[ckan-dev] Something very cool - data pipelines on CKAN

Florian May florian.wendelin.mayer at gmail.com
Sat Sep 19 00:48:18 UTC 2015


Thanks Denis!

I thought long and hard about the automation of generating products from
data resources. I like the idea of sandboxed ipython notebooks! With
datacats providing a dockerised CKAN, auto-provisioning Jupyter docker
containers on demand to develop / run iPy notebooks wouldn't be that far
away, right?

Actually we have a semi-automated solution in place to generate products
from data. I'll add that to the CKAN-o-Sweave example soon.
Our users each have access to their own account on an RStudio Server
instance. Each of them has a local, version-controlled copy of our
reporting repo (CKAN o' Sweave's precursor) in their RStudio Server account.
For each dataset and resulting figure(s), we have one R script that reads
the data (CSV) directly from CKAN, generates one or several figures (as
PDF) from the data (or runs any kind of analysis we need) and finally
uploads itself (as TXT) and the figures back to CKAN (overwriting the
previous versions of code TXT and figure PDF(s)). The script sources a
secret (gitignored) file with the respective user's CKAN API key (required
for upload to CKAN using ckanr::resource_update()).
These scripts are under version control inside our reporting code repo
(I'll add an example to CKAN-o-Sweave in a similar way).

That provides us with the following situation:
- creating these scripts is very easy - we simply take working R code
(producing a figure from a data.frame), prepend it with the "load CKAN
resource into R data.frame" code, and append the "upload code and products
back to CKAN" code.
- to produce the products from data once data are refreshed, we simply
"source" the R script. That's one user-friendly click of a button in
RStudio. Doesn't get any easier than that!
- my researchers have full access to the actual script. I found that every
layer of abstraction introduces an order of magnitude of possible bugs and
confusion for end users.
- we went with R instead of Python as our end users' skill base is more
around R than Python. YMMV.
- scripts can be run on demand, or as part of another
"refresh_all_the_figures.R" script.

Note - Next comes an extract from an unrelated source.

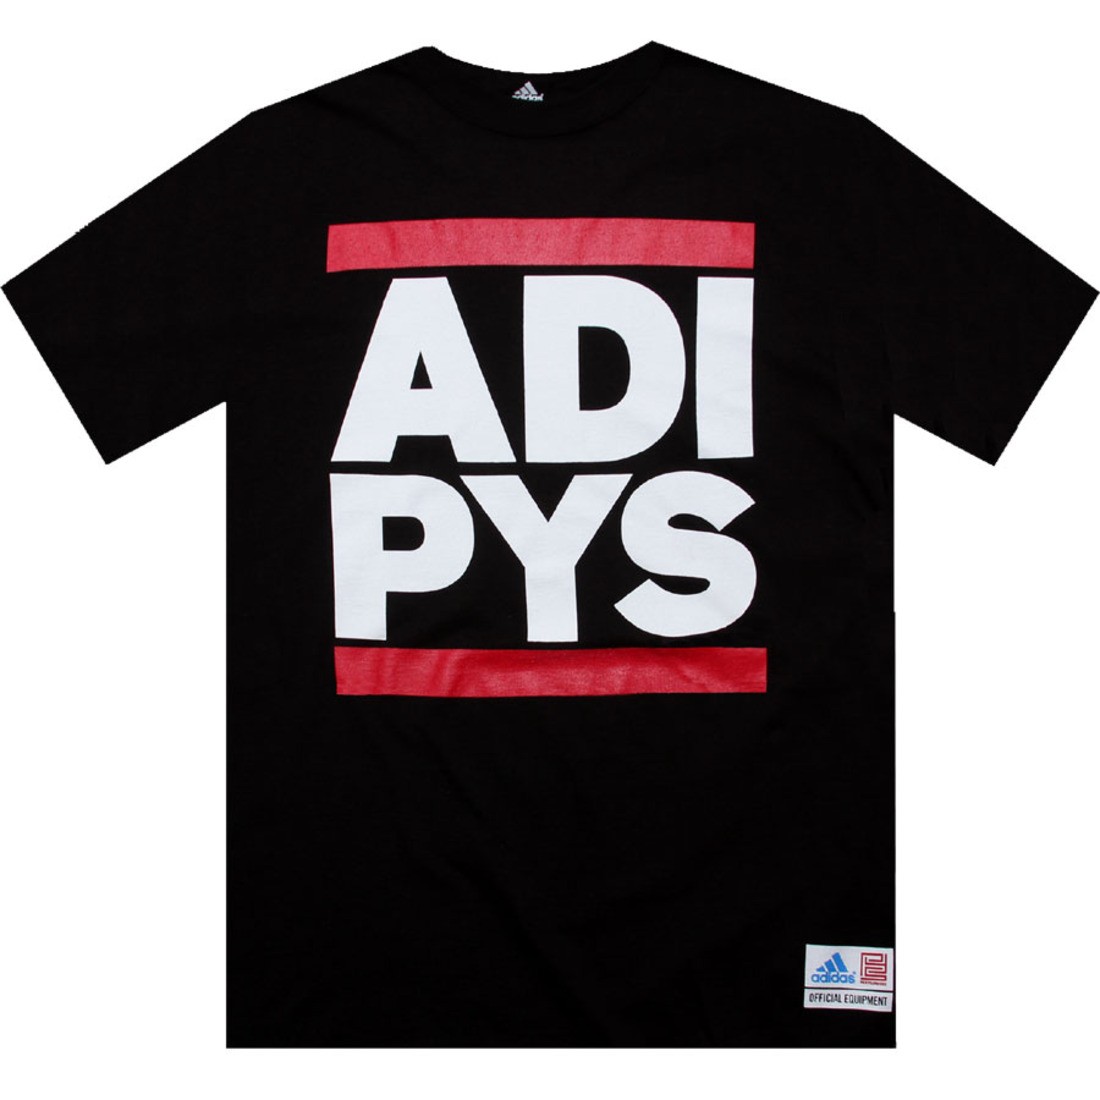 shirt Tee Adidas PYS Run DMC style Adi (black)

This allows any automation we require
later on, but keeps things simple and on-demand at the same time.
- every user is authenticated with their own CKAN API key, so their actions
are logged, and we can kick the right behinds in case of mishaps.
- the scripts of many authors sit in the same code repo as the reports, so
they are within reach when needed, and serve as a simple library of
existing solutions to steal from.

We deliberately separated the process of processing data and compiling the
reports for the following reasons:
- performance: the products are produced once, and read often. It makes
sense to compile them when the data comes in, not when they are accessed /
read.
- separation of concerns: the products are used not only for the reports,
so we don't want to tie these two processes too tightly together.
- scalability: both requirements to the analyses and the reports evolve
constantly, so any level of abstraction and any tight integration creates a
maintenance footprint. Keeping things light-weight allows to "move fast and
break things".
- qa: having a human brain between data coming in (which is a manual
process to update the CKAN data resource anyways) and making sure the
product still makes sense is hard to automate. My users like feeling in
charge of the QA step and being able to fiddle with the product where and
when necessary - especially when their name (as the dataset maintainer) and
"last updated on" date signs off their update to the CKAN dataset.

So yeah, simple user-sourced R scripts are a pretty low-key solution, but
for us and in the context of a large reporting scenario it's the sweet spot
between automation, having human common sense in between components to
review and QA, scalability and flexibility.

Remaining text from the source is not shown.